The aim of the deal is to broaden the Asian liquidity available to each firm’s institutional clients. It is also the latest step in Instinet’s effort to connect to all “meaningful” pools of liquidity in the region, says Joel Hurewitz, the firm’s Asia head of product strategy based in Hong Kong.
Since 2010 Instinet has been pursuing new ways for its clients to trade the rapidly fragmenting Asia-Pacific equity markets efficiently, he adds.
Under the deal, Instinet clients can use the firm’s Nighthawk liquidity-aggregation algorithm to access JPM-X in Hong Kong, Japan and Australia, while JP Morgan clients will be able to access Instinet BLX Australia, CBX Hong Kong and CBX Japan.
Instinet released Nighthawk in Asia last year and has several other liquidity-sharing agreements, including with Tora Crosspoint, ITG’s Posit Marketplace, Nomura’s NX and Credit Suisse’s Crossfinder. Instinet is also one of several brokers to have signed up to access the Chi-East regional dark pool based in Singapore.
Another trading venue operator, Liquidnet, is pursuing a strategy of signing liquidity-sharing agreements with exchanges, such as the one it has with Six Swiss Exchange.
Instinet’s liquidity aggregator now links to 22 different specific pools in the region, from rival agency brokers to internal broker-dealer engines to exchange-run venues, notes Glenn Lesko, the firm’s Asia CEO based in Hong Kong.
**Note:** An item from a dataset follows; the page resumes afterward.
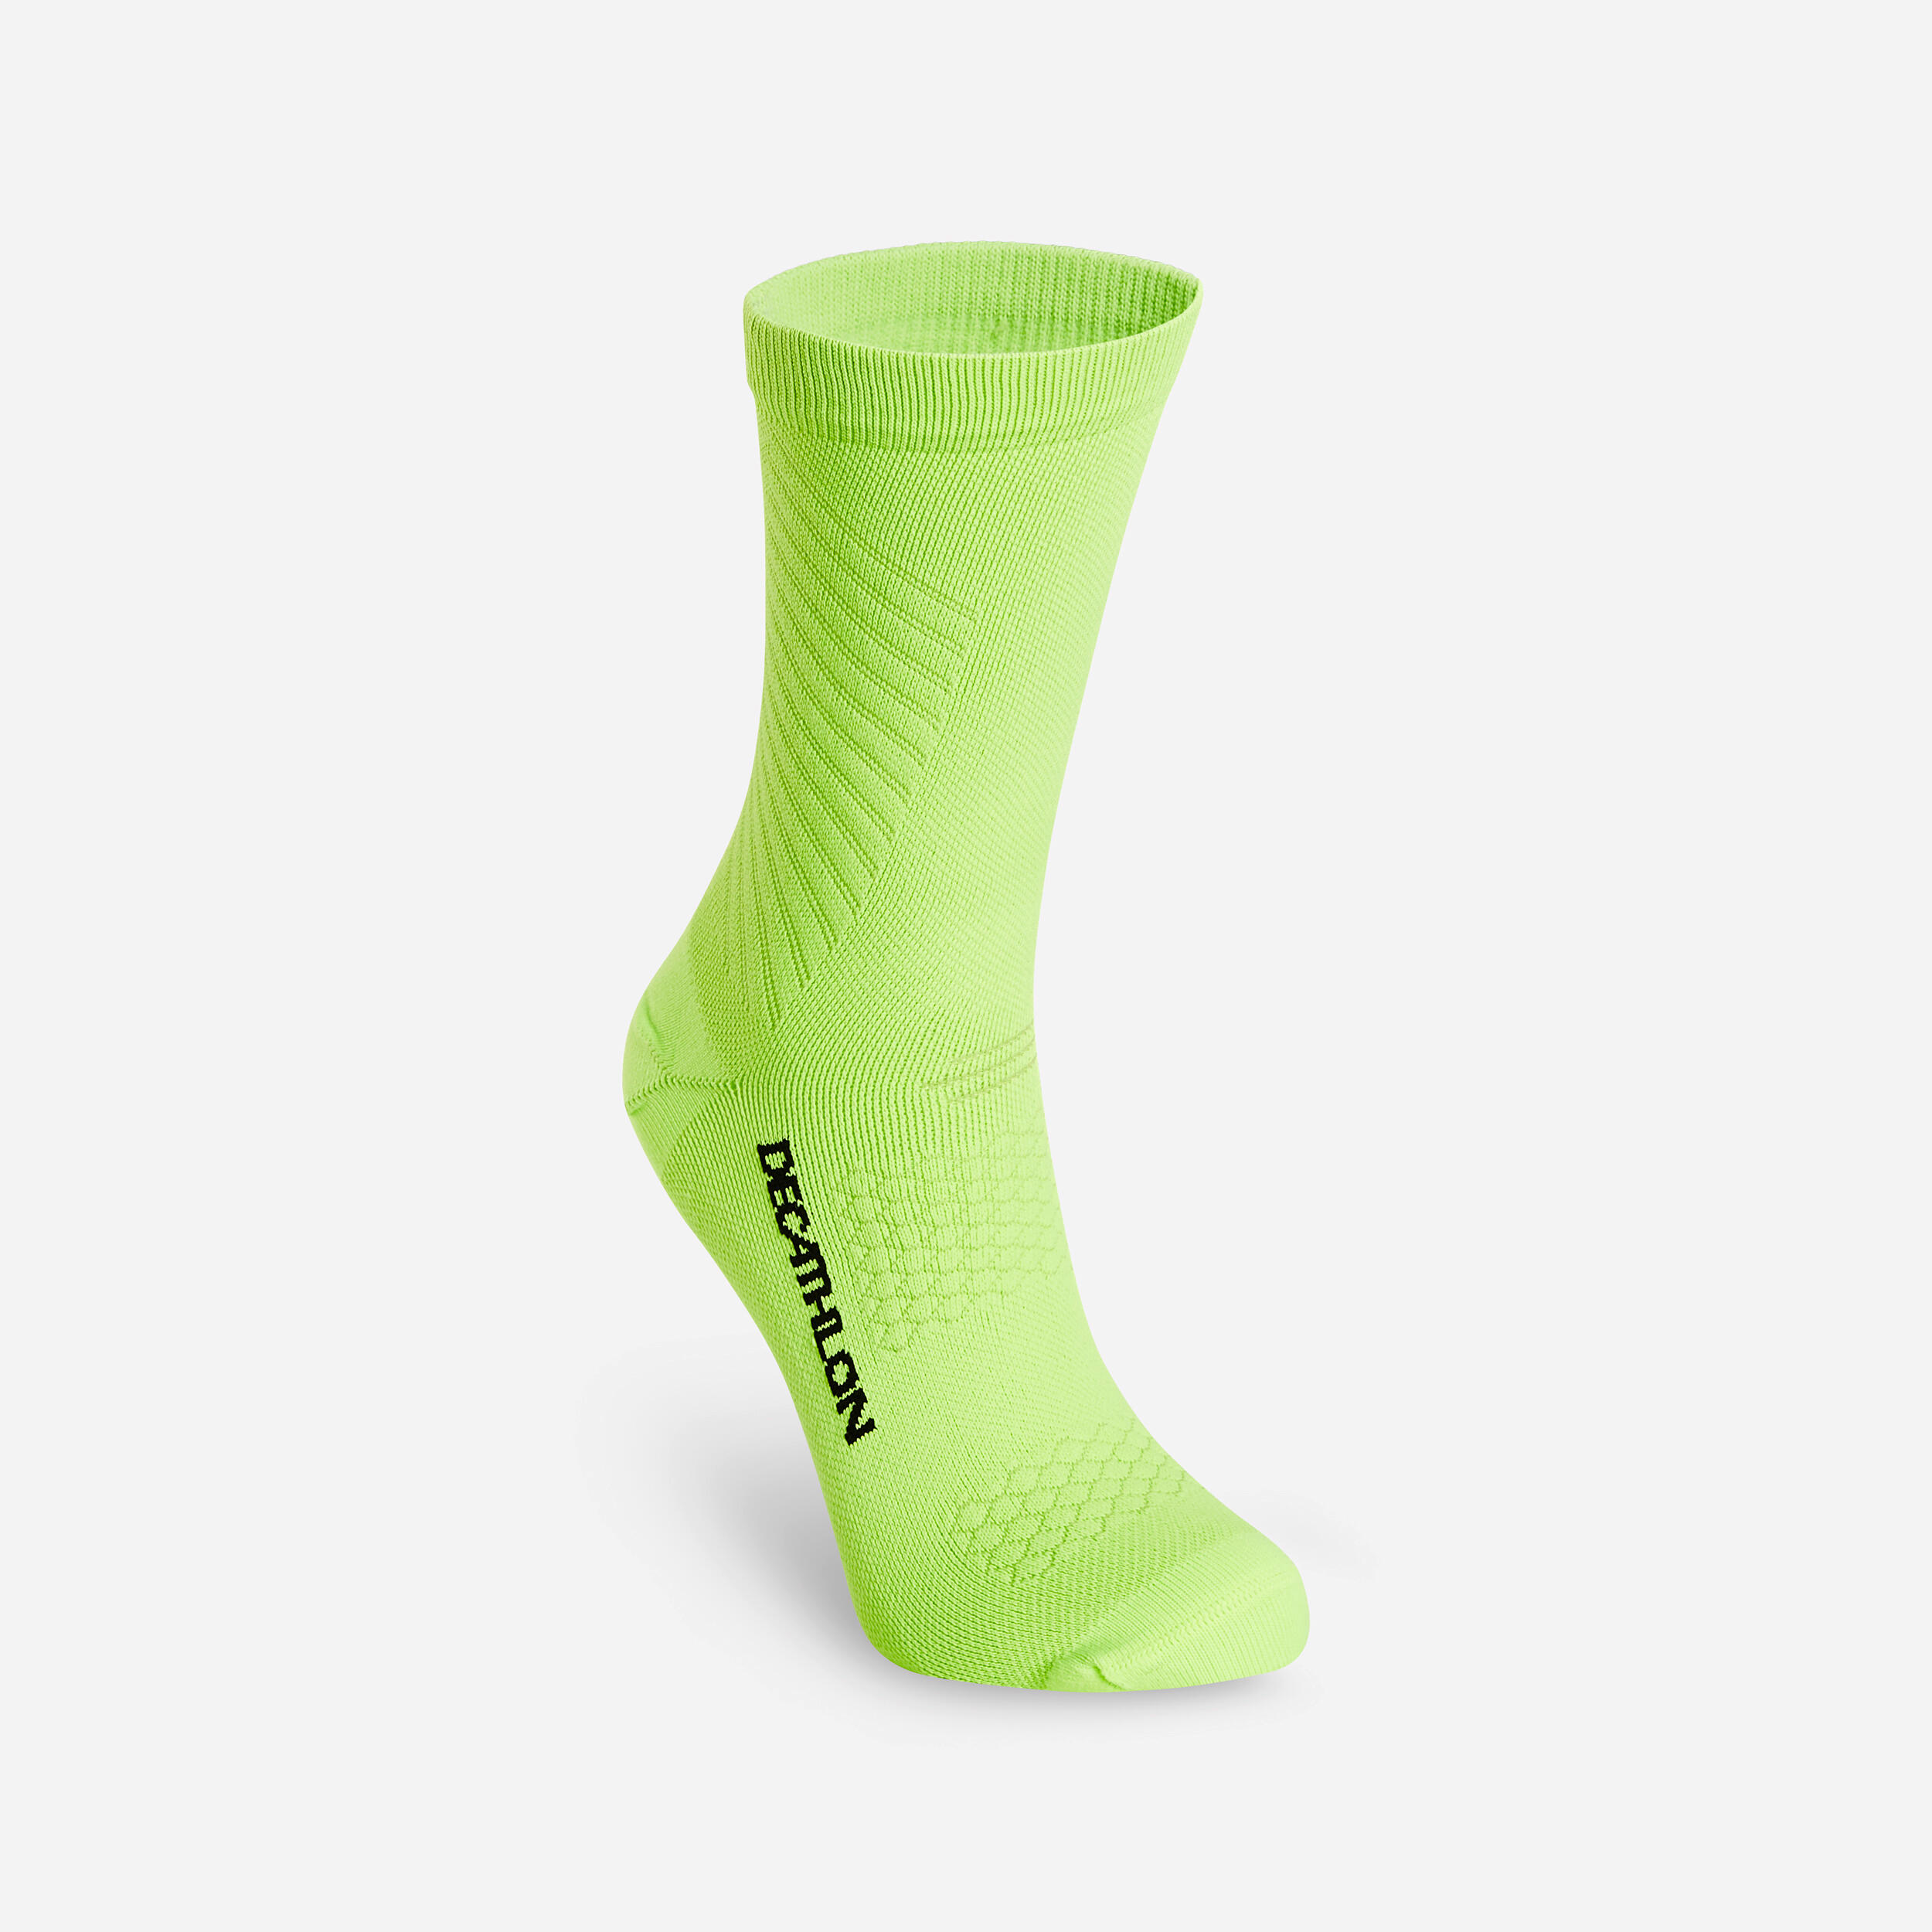 RoadR 900 cycling socks - Fluo lime yellow - Van rysel - Decathlon

Asked whether there are more such agreements in the pipeline, he says: “As pools are created, our clients would like us to connect to all of them. But that depends on the policies of different companies. Some don’t like to make joint announcements, while others are still mulling whether to allow external access to their venues.”
Still, new pools will be set up in Asia, and Instinet will aim to connect to them, says Lesko. There are fewer independent pools in Asia than there are in Europe, he notes – Chi-X and Chi-East have arrived in the region, but not Bats, for example. So there’s a lot of potential for more of these types of venues to be established.
What’s more, there are dominant brokers in certain markets in Asia that don’t have dark pools but would like to, says Lesko, pointing to the large banks in China and HSBC in Hong Kong.
HSBC wants to set up a dark pool, but is facing regulatory obstacles over getting it approved by the Securities and Futures Commission; it reportedly put these plans on ice in August last year. Some suggest it is likely to be that retail brokerage members of Hong Kong Exchanges and Clearing have formed strong opposition to an HSBC-run pool.
Lesko notes that Japan, Singapore and Australia are big institutional markets, but that Hong Kong has a particularly big proportion of high-net-worth investors. As a result, he says, a dark pool catering to the retail market would be very welcome.